All across the country are notable tourism sites which have been neglected with some totally undeveloped and wasting away. Generally, road networks in the hinterlands are nothing to write home about and those leading to some leading tourist sites are worse off.

The road leading to the southern-most part of Ghana, Cape Three Points in the Western Region, is virtually nonexistent and during the rainy season is completely inaccessible. Ironically, that place has an eighty-four-year-old lighthouse and arguably one of the most scenic beaches in West Africa.

Not far-off from Cape Three Points is Princess Town and Butre, all coastal town with finer beaches than any seen in Accra. Yet, these places are a pain to reach and hardly gets any mention in any coordinated marketing campaign. Events organised by indigenes of these areas largely get no support from policy makers, and are left to untrained town folks to manage.

The budget allocation to the Ministry of Tourism and Creative Arts contained in the 2018 Budget is GH¢75.3 million out of which about GH¢18 million is being devoted to capital expenditure. It is interesting to note that the Ministry has 12 departments and agencies.

This budget allocation does not commensurate with the lofty initiatives promised by government.

One of the key promises made was the transformation of the country into a major Meeting, Incentive, Conference, & Exhibition (MICE) centre, as well as on expanding the tourism sector, through investment, innovation, the pursuit of service excellence and meaningful partnerships.

According to the 2016 NPP Manifesto, this will enable tourism to become a major revenue-generating sector that provides safe, memorable and enjoyable experience for tourists.

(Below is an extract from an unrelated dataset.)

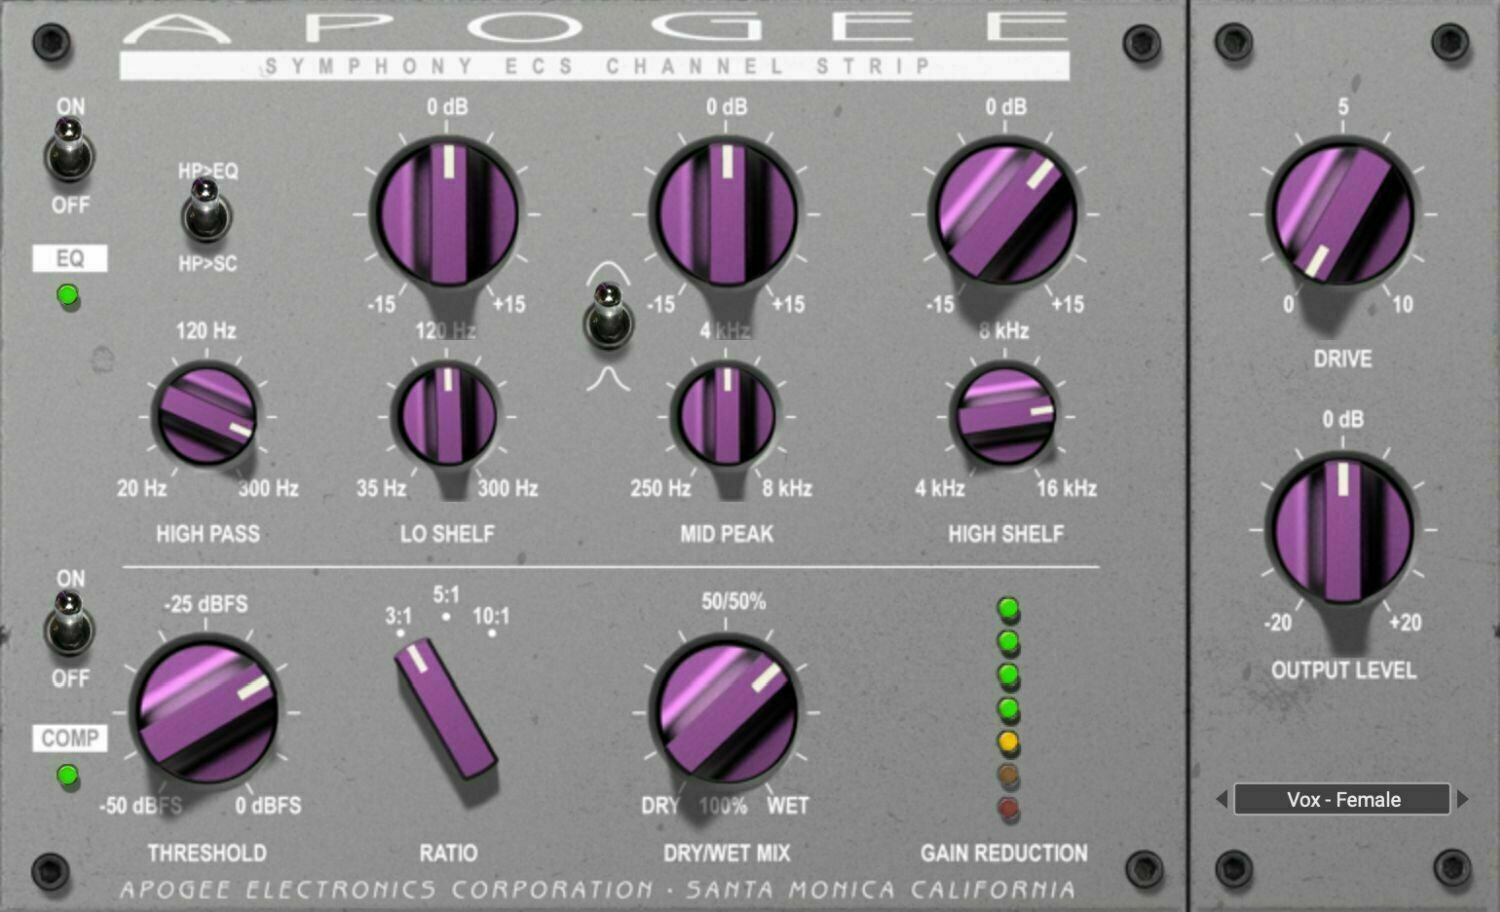 Studiový softwarový Plug-In efekt Apogee FX Rack Symphony ECS Channel Strip (Digitální produkt)

The NPP said, to achieve this, it will aggressively develop tourist sites to bring them to world-class standards, complete with the requisite amenities and facilities.

It said its government will also pursue a deliberate marketing programme to promote our unique historical sites, flora and fauna, waterfalls and other cultural artefacts, and take the staffing of these tourist sites and our hospitality industry as a whole seriously.

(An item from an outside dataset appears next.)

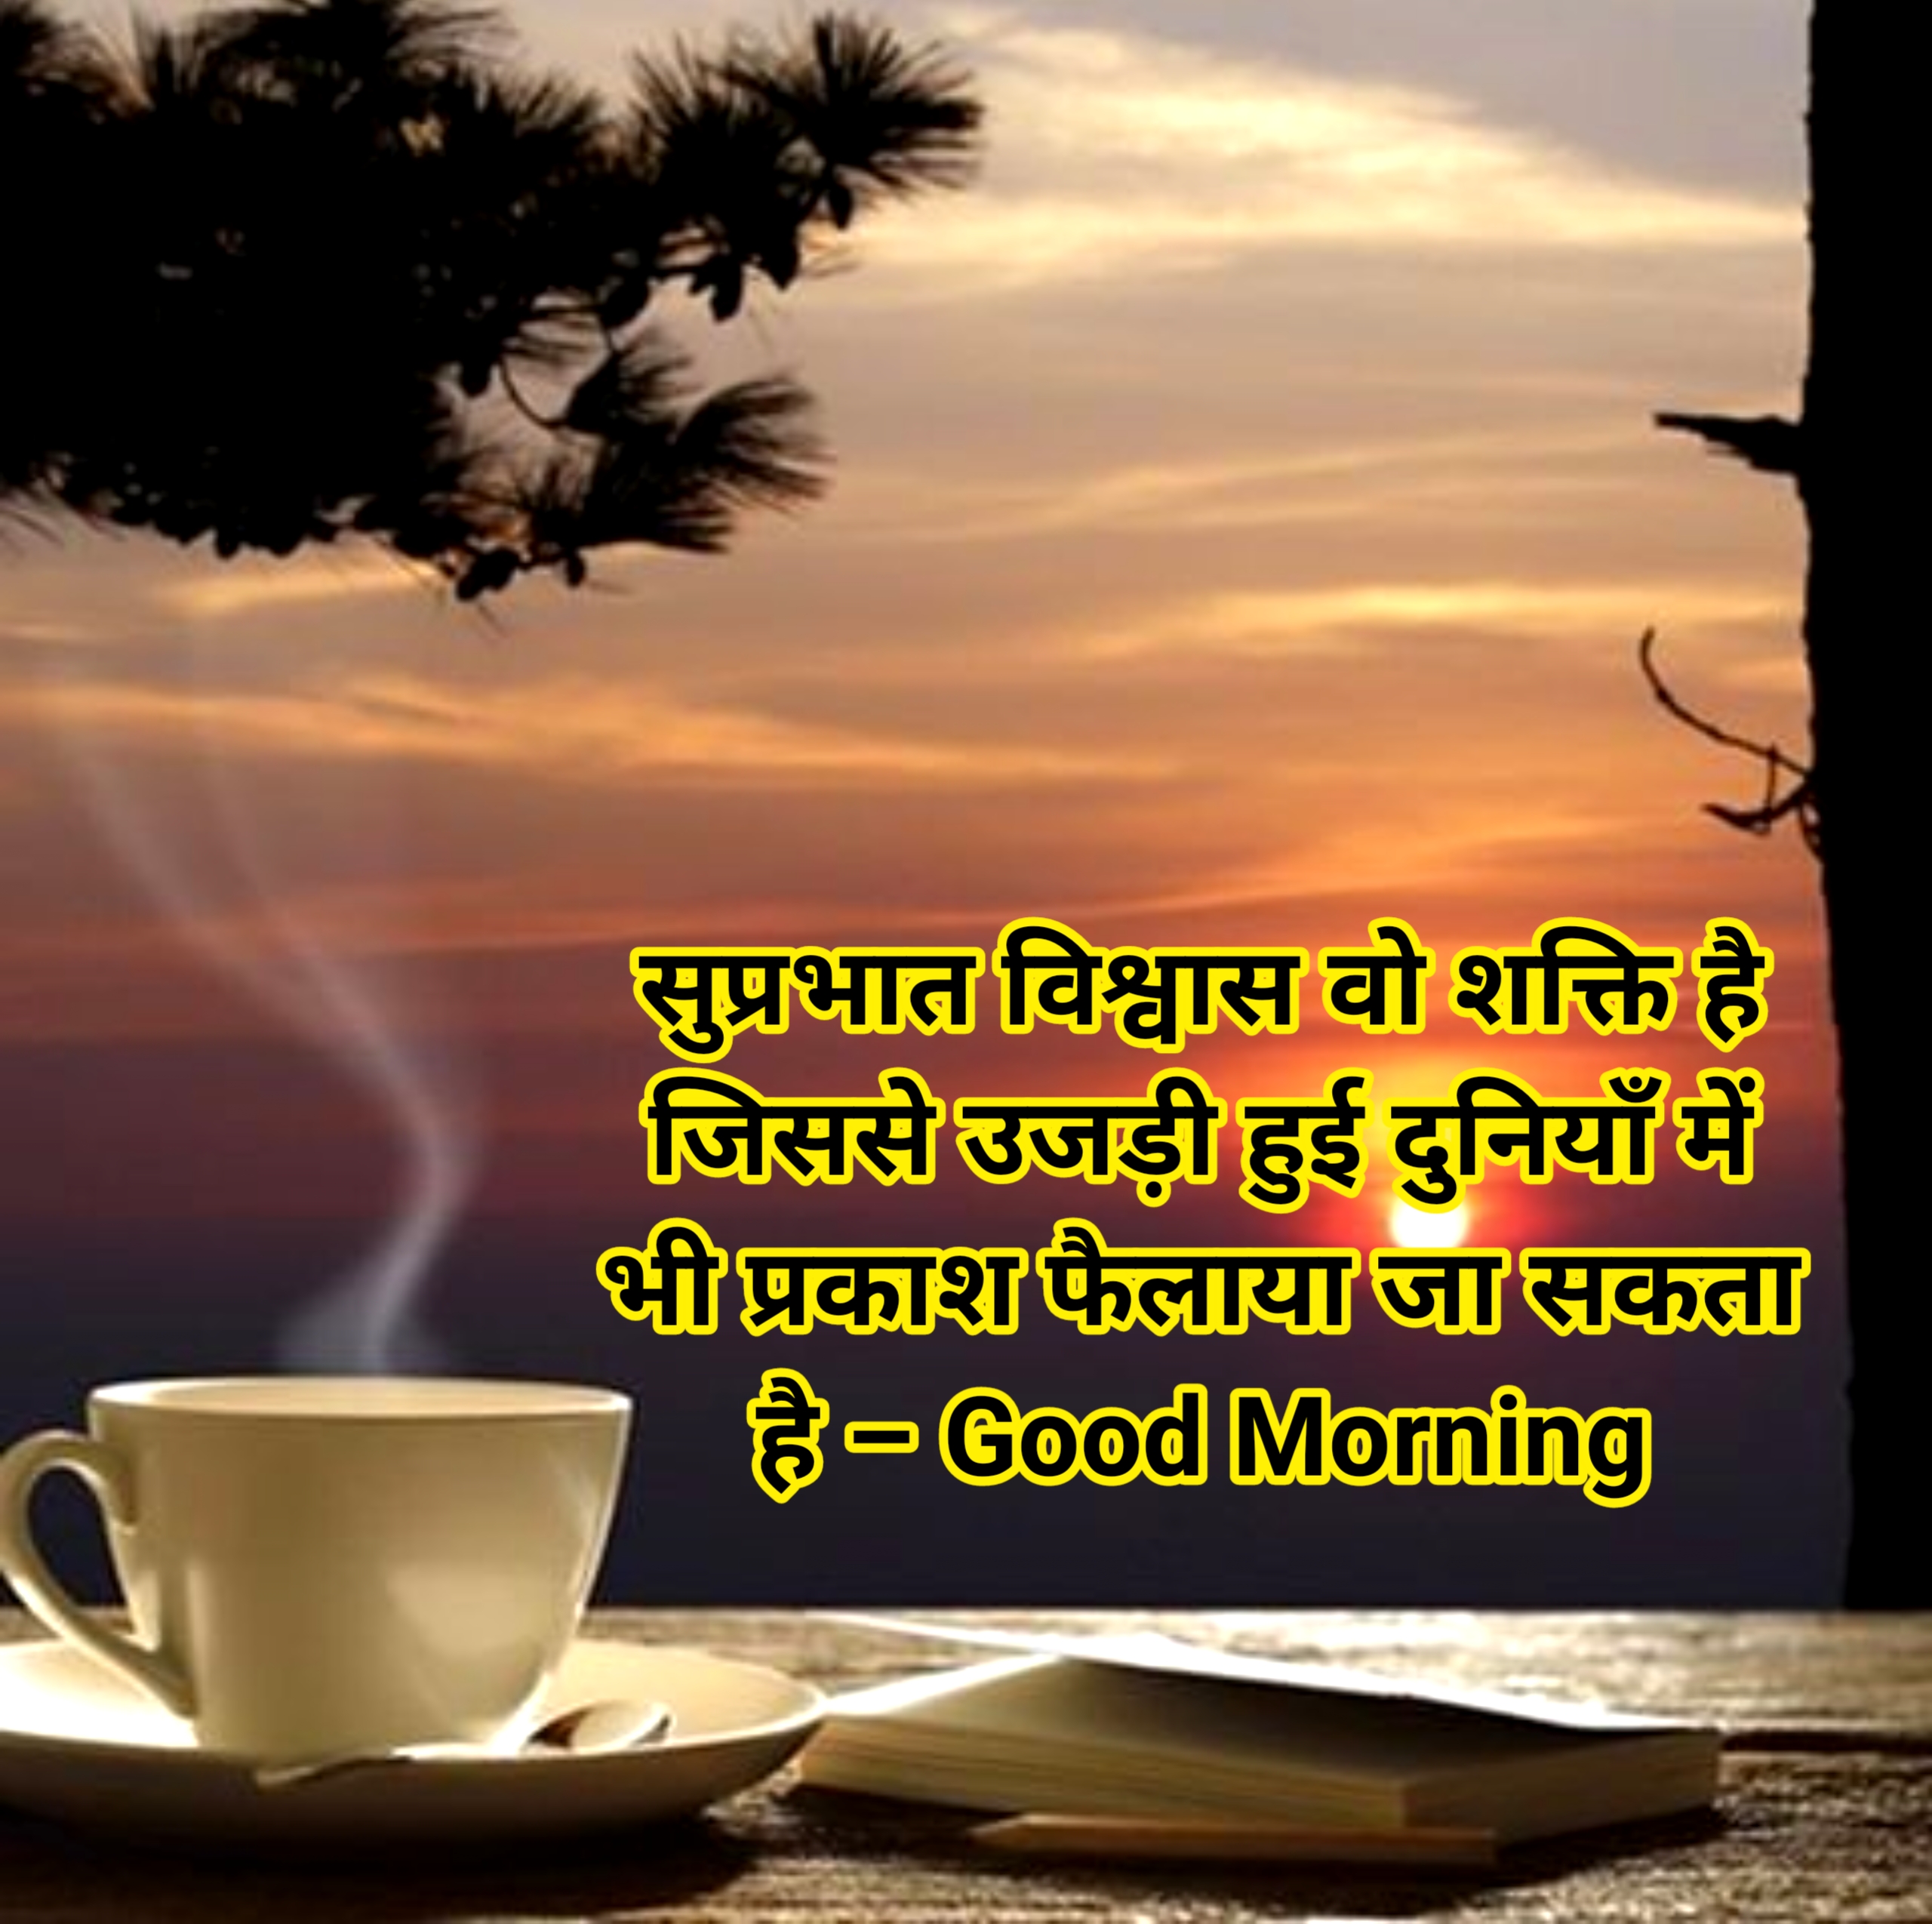 Top 100 + Good morning quotes in Hindi 2023 | गुड मॉर्निंग कोट्स इन हिंदी,good morning quotes in hindi motivational,पॉजिटिव गुड मॉर्निंग कोट्स,ब्यूटीफुल गुड मॉर्निंग कोट्स,टॉप गुड मॉर्निंग कोट्स,गुड मॉर्निंग कोट्स इन हिंदी फॉर व्हाट्सएप्प

Further, to improve professionalism in the sector, an NPP government will partner with the private sector to set up a state-of-the-art hospitality teaching facility, with an operational hotel, classrooms, kitchens, library, and dormitories.

Lastly, then opposition party promised to encourage local communities to take ownership and invest in the sustainability of tourist attractions in their localities. The NPP promised championing a revenue-sharing programme to inject 5% of tourism revenues from fees of well-developed tourist attractions into local community projects.

Well, these are but few of the campaign promises made by the then opposition party to transform the tourism sector. If anything at all, the 2018 budget statement read by Finance Minister does little to set the tone for government to achieve the promises made to the sector.

When Ken Ofori-Atta appeared on the floor of parliament while dazzling with numerous thought out policies and initiatives for other sectors, he could only mention initiatives to promote local dishes among other not too significant initiatives especially looking at the myriad of challenges bedeviling the sector.

Of course, the statement presented on the floor of Parliament was just highlight which all the same makes it sad that the initiative singled out for mention were the highlights for this all-important sector.

It is important Ghana embraces the modern way of managing its tourism sector to bring out the best in it. The NPP manifesto offers some exciting proposals that when fully implemented could set the country on a path of growth.

While participating in tourism fairs and expo is important, it is worth noting that if we don’t put our house in order, such fair will just become avenues for people to get out of the country on sightseeing and sipping on mochas while they populate their social media pages.

Putting our house in order will lead to increase in domestic tourism that will complement the number of international tourists that arrive in the country every year. Tourism deserves government’s full support now.